Artificial Intelligence System
We used a recently developed diagnostic support software (Lunit INSIGHT MMG, Seoul, South Korea) on a free website (https://insight.lunit.io/mmg/login). 37 The AI algorithm of this software uses deep convolutional neural networks (CNNs) and highlights areas in the mammograms where the suspicion of malignancy is above a certain threshold. 40 The system calculates an abnormality score which reflects the likelihood of malignancy of the detected lesion. The score between 1% and 100% likelihood of malignancy flagged by AI is recorded. In this study, we did not use the images, but instead used the underlying prediction score of the algorithm. In the case of multiple findings with different values, the highest score is considered final. The images used in this study have never been used to train, validate, or test a previously developed AI algorithm.
Statistical Analysis
The breast cancer detection rates of radiologists in the screening program compared with AI system in a simulation scenario. Receiver operating characteristic (ROC) analysis was done and a threshold for cancer detection was calculated with Youden's index. All mammograms were relabeled based on the threshold. Three different mammography assessment methods were compared in this study: (1) 2 radiologists’ assessment at screening center, (2) AI assessment based on the established risk score threshold, (3) a hypothetical radiologist and AI team-up in which AI is defined as the third reader. R systems (R Core Team, 2020) and pROC package (Robin X. et al, 2011) were used for statistical analysis.
Results
In total 211 mammograms, 74 screen-detected cancers (67.3%), 27 interval cancers (24.5%), 9 missed cancers (8.1%), and 101 negative control group mammograms were evaluated by the AI. Area under curve (AUC) was 0.853 (95% CI = 0.801-0.905) and the cut-off value for risk score was 34.5% with a sensitivity of 72.8% (80/110) and a specificity of 88.3% (89/101) for AI cancer detection in ROC analysis (Figure 1).
Risk score distributions for each cancer subgroups were as follows, 83.8% of screen-detected cancers showed a risk score higher than 34.5% while 16.2% of them were below, 44.4% of interval cancers had a risk score higher than 34.5%, while 55.5% of them were below and lastly 66.6% of missed cancers had a risk score higher than 34.5% while 33.3% of them were below (Figure 2).

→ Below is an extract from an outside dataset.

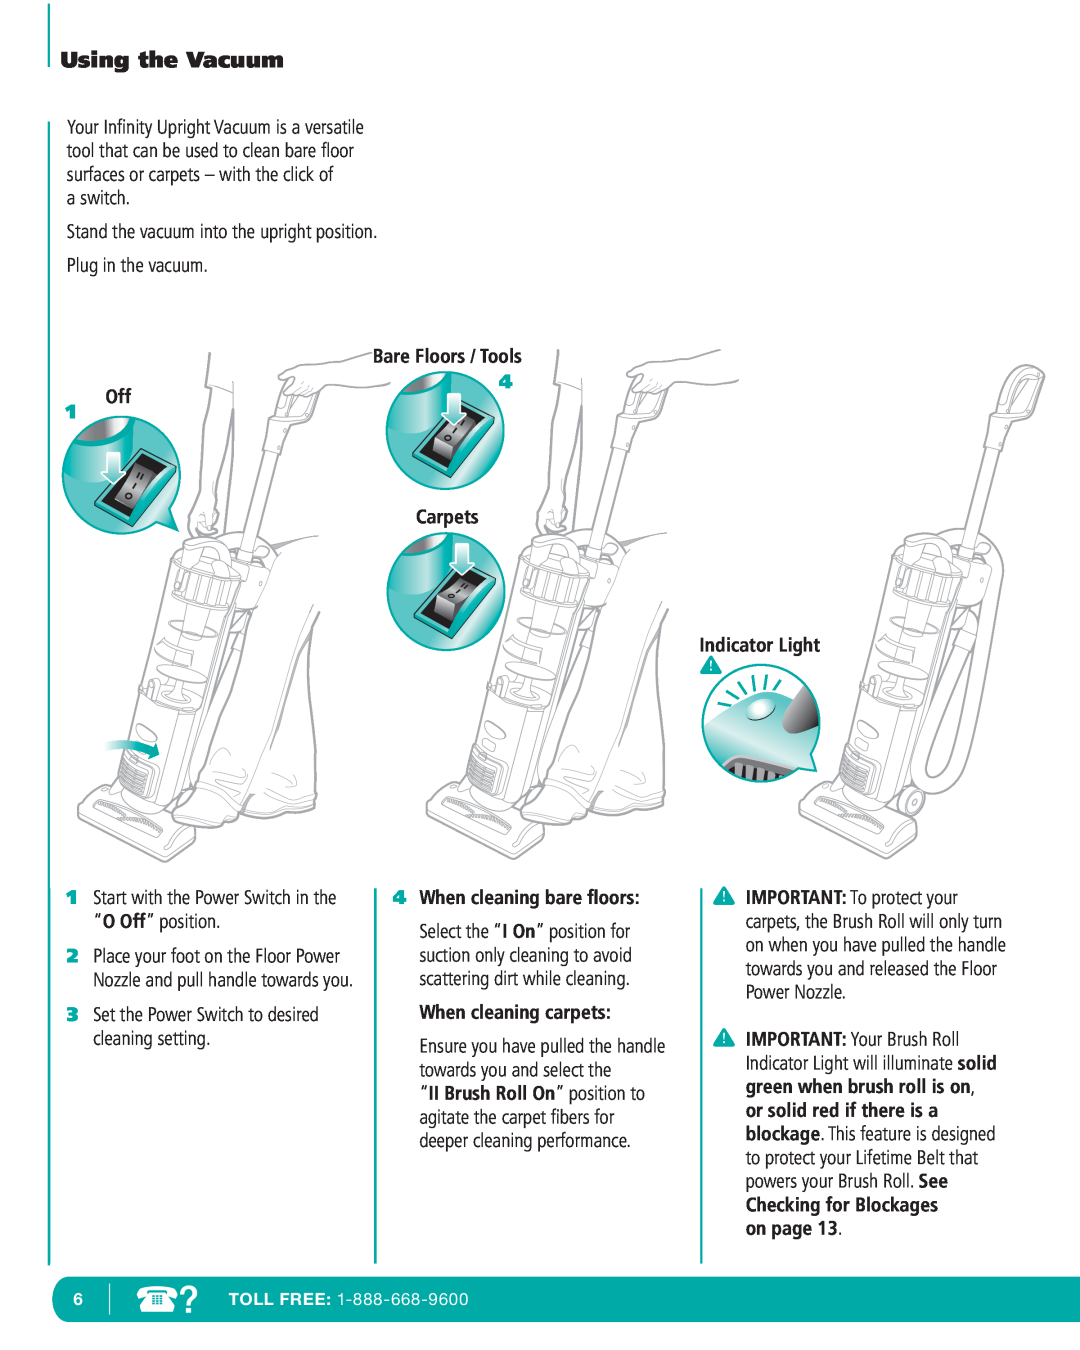 Infinity NV22 a switch, Stand the vacuum into the upright position, Plug in the vacuum, Bare Floors / Tools, Toll Free 
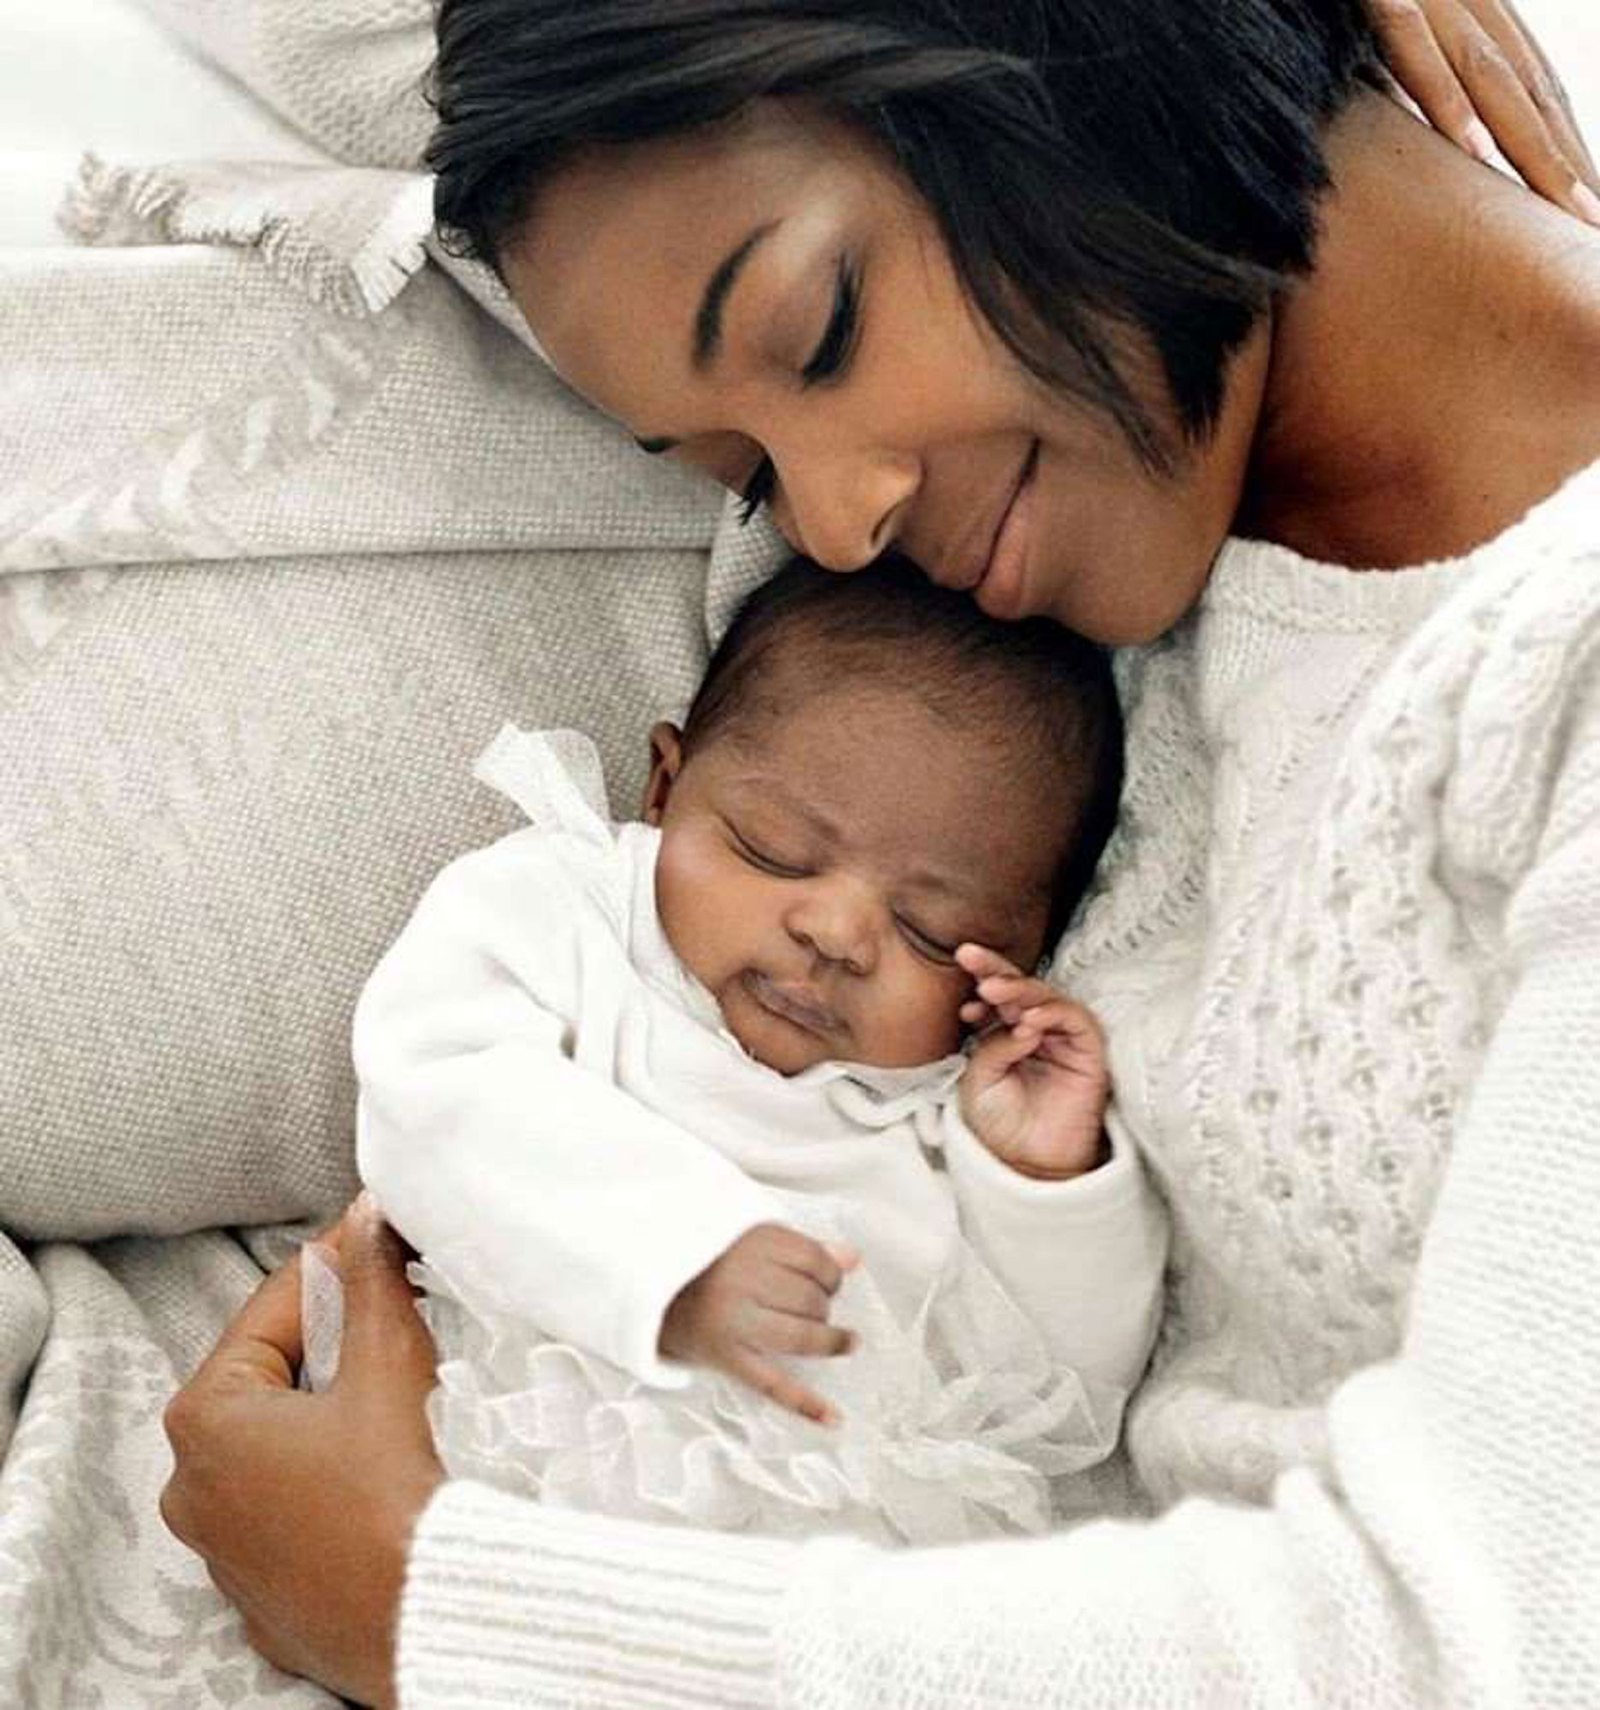 Gabrielle Union Wade Moms Reflect on Postpartum in Life After Birth

Overall cancer detection rates were 67.3% (74/110) for radiologists, 72.7% (80/110) for AI, and 83.6% (92/110) for radiologists and AI team-up (Figure 3). AI detected 72.7% (80/110) of all cancers on its own, of which 62 were screen-detected, 12 were interval cancers and 6 were missed cancers. Hypothetical AI and radiologist team-up detected 83.6% (92/110) of all cancers, of which 74 were screen-detected, 12 were interval cancers, 6 were missed cancers. AI evaluated 16.2% of the true positive mammograms as a negative mammogram (Figure 4). On the other hand, AI detected an additional 44.4% (12/27) of interval 66.7% (6/9) of missed cancers that were not previously detected by radiologists (Figure 5; Table 2).
Table 2.
Characteristics | AI-detected additional missed cancer (6 of 9) | AI- detected additional interval cancer (12 of 27) |
---|---|---|
Age (median, range) | 53.1(44-61) | 51.8 (41-69) |
Breast density | ||
A: Fatty | 0 | 1 |
B: Scattered fibro glandular density | 1 | 2 |
C: Heterogeneously dense | 4 | 6 |
D: Extremely dense | 1 | 3 |
BI-RADS | ||
BI-RADS 0: incomplete | 0 | 0 |
BI-RADS 1: negative. | 2 | 0 |
BI-RADS 2: benign | 4 | 6 |
BI-RADS 3: probably benign | 0 | 6 |
BI-RADS 4a: low suspicion for malignancy | 0 | 0 |
BI-RADS 4b: moderate suspicion for malignancy | 0 | 0 |
BI-RADS 4c: high suspicion for malignancy | 0 | 0 |
BI-RADS 5: highly suggestive of malignancy | 0 | 0 |
Histological type | ||
Invasive ductal carcinoma | 4 | 8 |
Invasive lobular carcinoma | 2 | 2 |
Ductal carcinoma in situ | 0 | 0 |
Tubular carcinoma | 0 | 1 |
Mixed carcinoma | 0 | 1 |
Microinvasive carcinoma | 0 | 0 |
Papillary carcinoma | 0 | 0 |
Mucinous carcinoma | 0 | 0 |
Tumor size (mm) (median, range) | 19(3-60) | 15(7-32) |
Cancer stage | ||
Stage 0 | 0 | 0 |
Stage 1 | 3 | 7 |
Stage 2a | 2 | 3 |
Stage 2b | 0 | 1 |
Stage 3a | 1 | 1 |
Stage 3b | 0 | 0 |
Stage 3c | 0 | 0 |
Stage 4 | 0 | 0 |
Abbreviations: BIRADS, Breast Imaging Reporting and Data System; AI, artificial intelligence.
Discussion
In this study, we evaluated the performance of an AI algorithm in a simulated screening setting and its effectiveness in detecting missed and interval cancers. The cancer detection rate of AI was higher than radiologists, however, it was found to be lower than the hypothetical radiologist and AI team-up. AI was able to detect an additional 44.4% of interval and 66.7% of missed cancers which were not previously detected by radiologists.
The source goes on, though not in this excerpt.